Alphonse Elric, in the first opening to Fullmetal Alchemist

The concept of Equivalent Exchange introduced in the anime quoted above inspired the title of this blog. “To obtain, something of equal value must be lost.” Though this term was recently coined, the concept is a familiar one and has been around for a long time. It is found as guides, rules, and laws in philosophy, religion, and science. For example:

• Do unto others as you would have them do unto you.
• Don’t take more than you give.
• Give and you shall receive.
• What goes around comes around.
• There’s no such thing as a free lunch.
• You get what you pay for.
• You get what you deserve.
• An eye for an eye, a tooth for a tooth.
• You scratch my back, and I’ll scratch yours.
• Energy is neither created nor destroyed.
• Every action has an equal and opposite reaction.
• Yin and yang.
• Karma.

I’m sure many more can be listed. I invite my readers to submit them.
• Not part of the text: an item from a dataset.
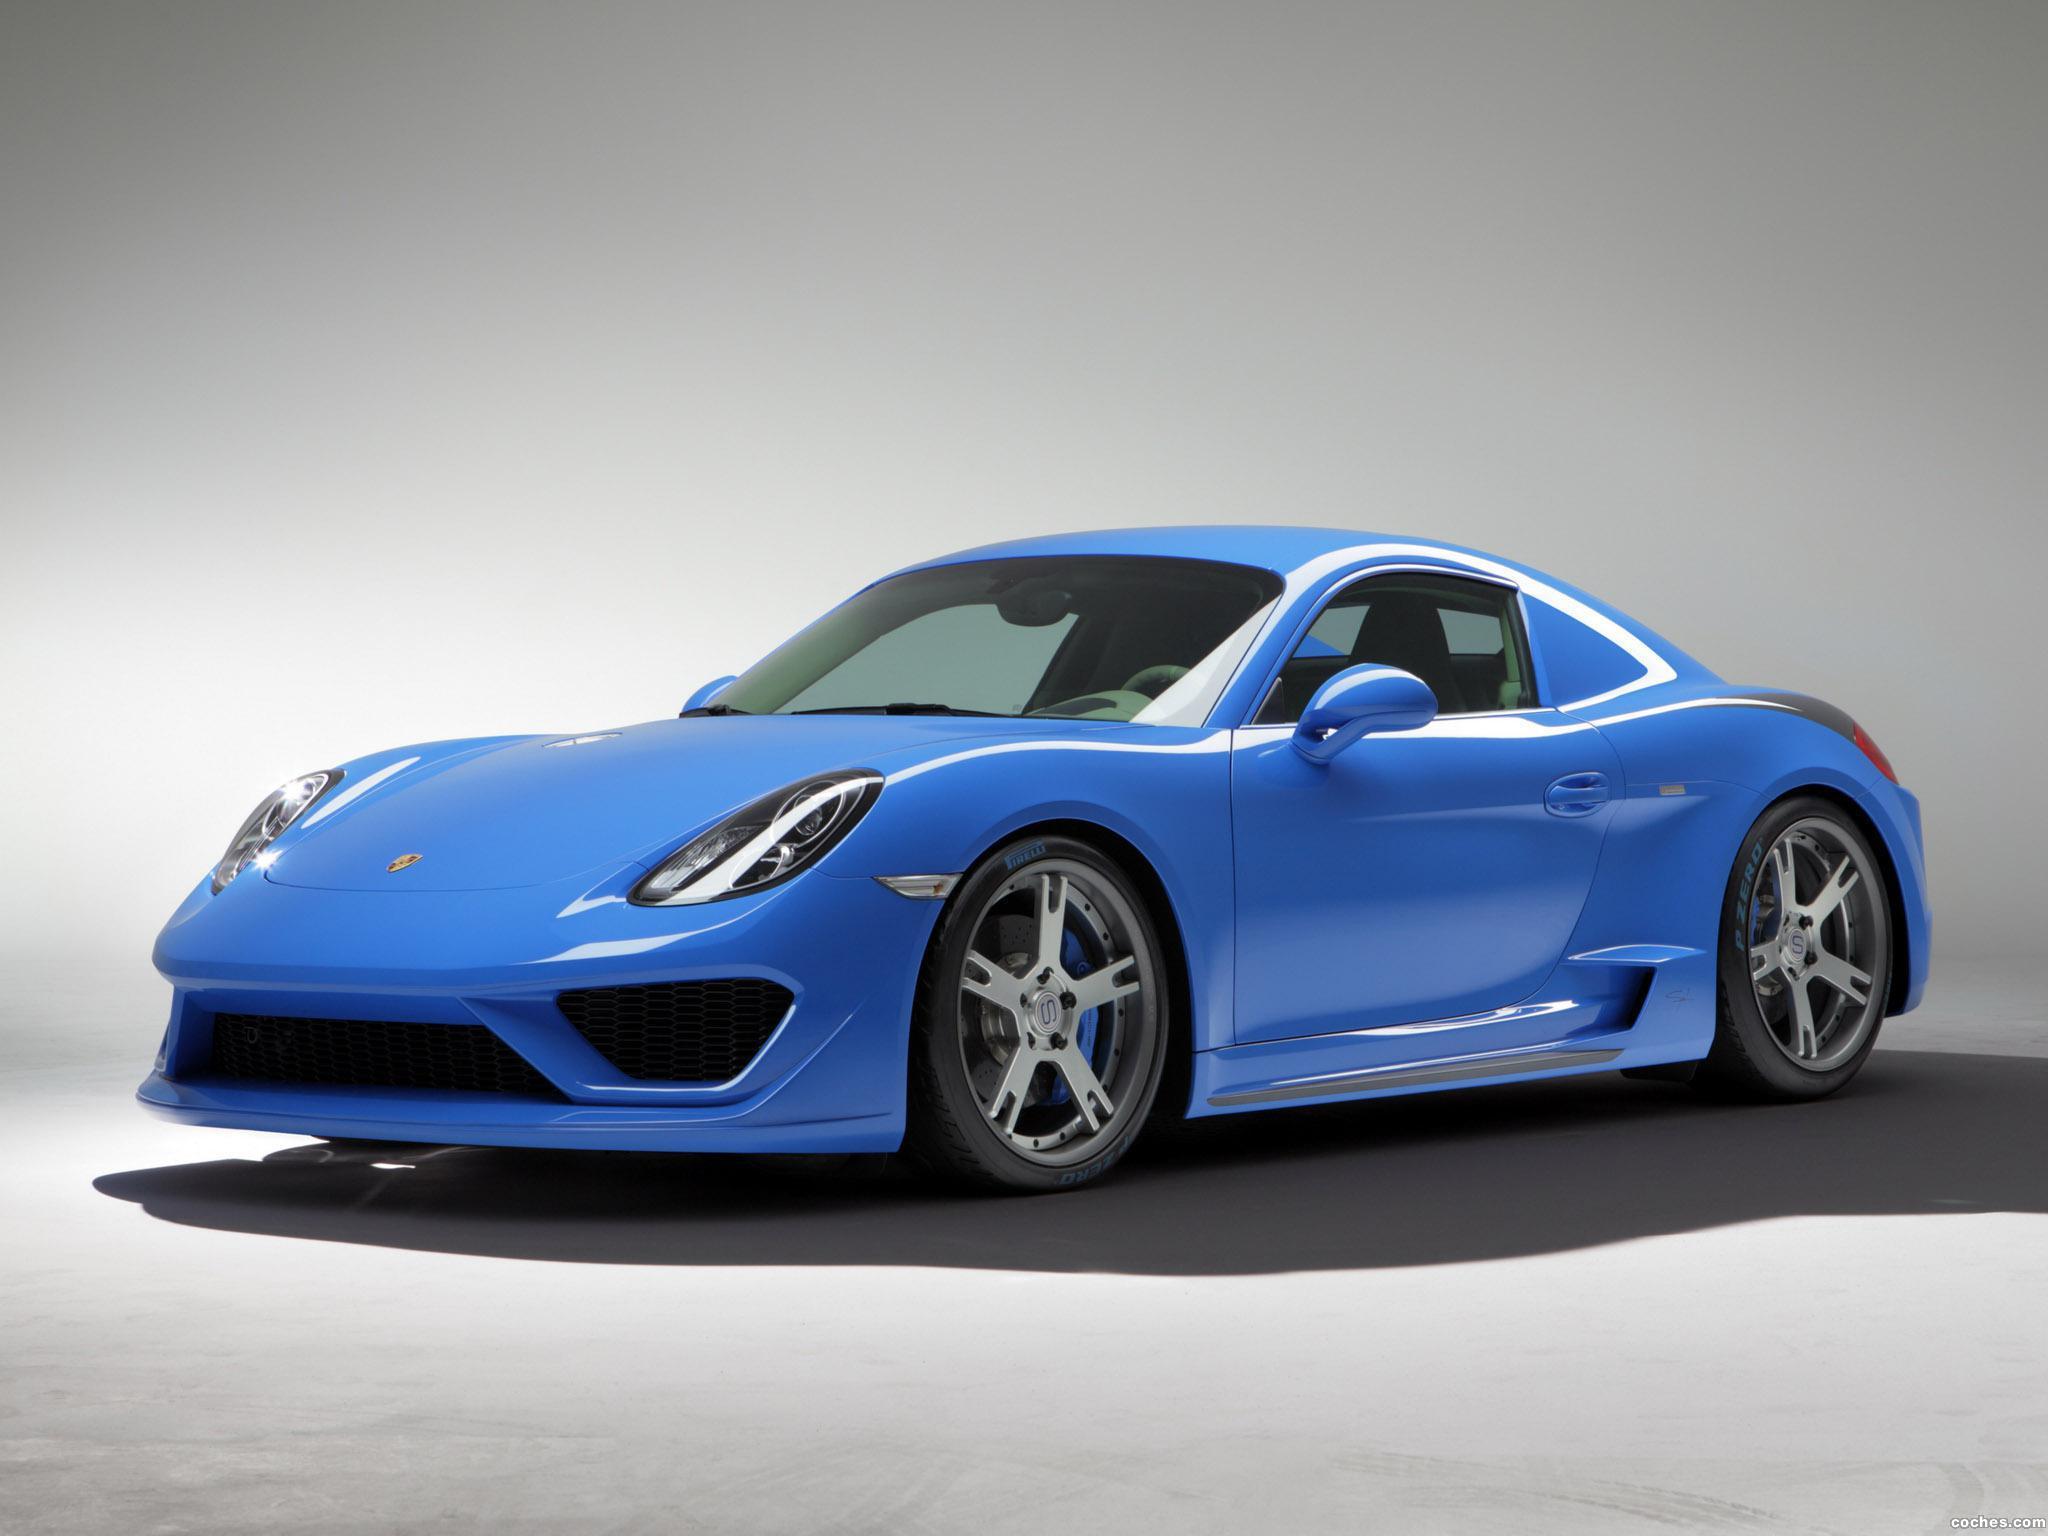 Foto 2 de Porsche Studiotorino Cayman Moncenisio 2014

These are all conservation laws: total value is maintained, even while it changes hands. And they certainly seem to be “conservative”:  all things being equal, they usually hold.

That being said, this blog isn’t specifically about “equivalent exchange”, except for hopefully obtaining the value of knowledge for the effort expended. Instead, I hope to explore a common thread that runs through philosophy, logic, and semiotics in the form of “double duals” (which themselves seem to have the property of equivalent exchange), with the goal of understanding and classifying different philosophical subjects and systems, exploring the nature of pluralism, and enhancing dialogue between opposing viewpoints. The image of the Tower of Babel in the title banner was chosen because public discourse has become fragmented and even broken.